Ivan Bunin about Sergei Yesenin:

"You don't have two kopecks to your name, so you'd better go sober up and stop breathing your messianic hooch on me"

Sergei Yesenin about Vladimir Mayakovsky:

"What can you say about Mayakovsky? He can write, there is no doubt about that, but is it really poetry? His writing lacks order and is crowded with competing ideas. Poetry should bring order to life, but Mayakovsky's work reminds one of the scene after an earthquake? and everything in it has such sharp corners that it pains the eye."

Vladimir Mayakovsky about Alexander Blok:

"Alexander Blok's works are an entire poetic era - a recent era. He was a great symbolist master who had a huge influence on all modern poetry. Some still cannot free themselves from the web of his mesmerizing lines... Others... are breaking the foundations of new rhythms, heaping up boulders of new images, linking lines with new rhymes - they are undertaking heroic labor that is creating the poetry of the future. Yet both sides remember Blok with equal fondness."

Alexander Blok about Leo Tolstoy:

"I often think that everything is alright, everything is still simple and not as scary as it could be while Lev Nikolayevich Tolstoy is still with us... While Tolstoy is alive, walking the furrow behind the plow being pulled by his white horse, the morning are dewy and fresh, and not scary, and ghouls are sleeping - and thank God for that. When Tolstoy walks this Earth, it is like the Sun shines on us. But if the Sun sets, if Tolstoy dies, if the last genius leaves us - what then?"

Leo Tolstoy about Anton Chekhov:

"Of most importance was that he was always sincere, which is a great thing for a writer; and thanks to his sincerity Chekhov created new, totally new forms of writing."

Anton Chekhov about Maxim Gorky:

"I think Gorky is a genuine talent; his brushes and colors are all real, but he has a somewhat unrestrained, devil-may-care talent."

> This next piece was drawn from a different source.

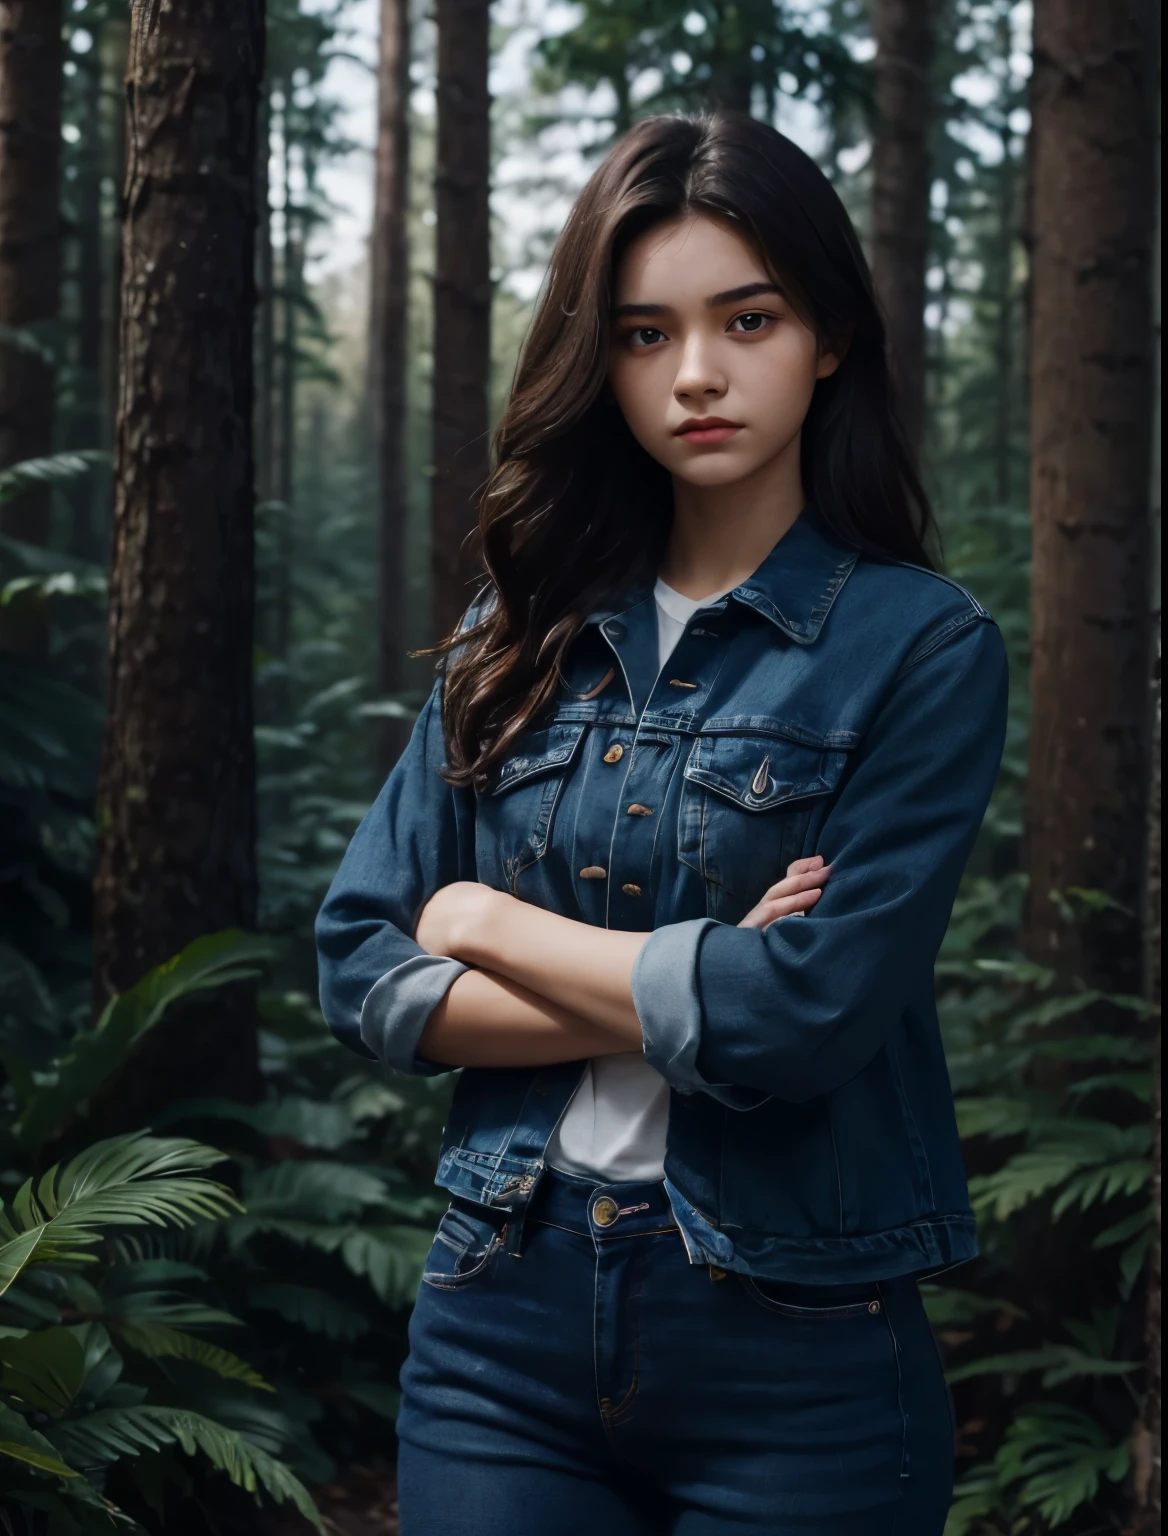 一个美丽的女人. 十五岁. 她双手交叉，脸上带着挑衅的表情. 她穿着蓝色牛仔裤. 深棕色头发. 她在森林里.

Maxim Gorky about Ivan Bunin:

"Take Bunin out of Russian literature and it will become dimmer, will lose the iridescent gleam and starry radiance of his wandering soul."

Ivan Bunin about Vladimir Nabokov

"What s swindler and windbag (and often inarticulate at that)."

Vladimir Nabokov about Fyodor Dostoyevsky:

"Dostoyevsky's lack of taste, his monotonous dealings with people suffering from pre-Freudian neuroses, his way of wallowing in the tragic misadventures of human dignity - all this is difficult to admire. I do not like this trick his characters have of 'sinning their way to Jesus' or, as Bunin put it more bluntly, 'spilling Jesus all over the place'."

Fyodor Dostoyevsky about Ivan Turgenev:

"Turgenev lacks knowledge of Russian life in general. He learned about the lives of ordinary people from a serf footman he went hunting with once (A Sportsman's Sketches), and beyond that he knew nothing"; <...>"He is someone who is happy to crawl from Baden to Karlsruhe on his hands and knees just to do something unpleasant to his literary rival..."

Ivan Turgenev about Fyodor Dostoyevsky:

"When a person is in love, his heart beats fast; when he is angry, his face goes red, etc. These are all truisms. With Dostoyevsky, everything is the other way round. For example, a man sees a lion. What does he do? Naturally, he will go pale and try to flee or hide. In any simple story, by Jules Verne, say, this is exactly what would happen. Whereas Dostoyevsky would write the opposite: the man went red in the face and remained where he was. It would be an inverse truism... And then, on every other page Dostoyevsky's characters are either delirious, raving, or in a fever. But 'life is not like that'."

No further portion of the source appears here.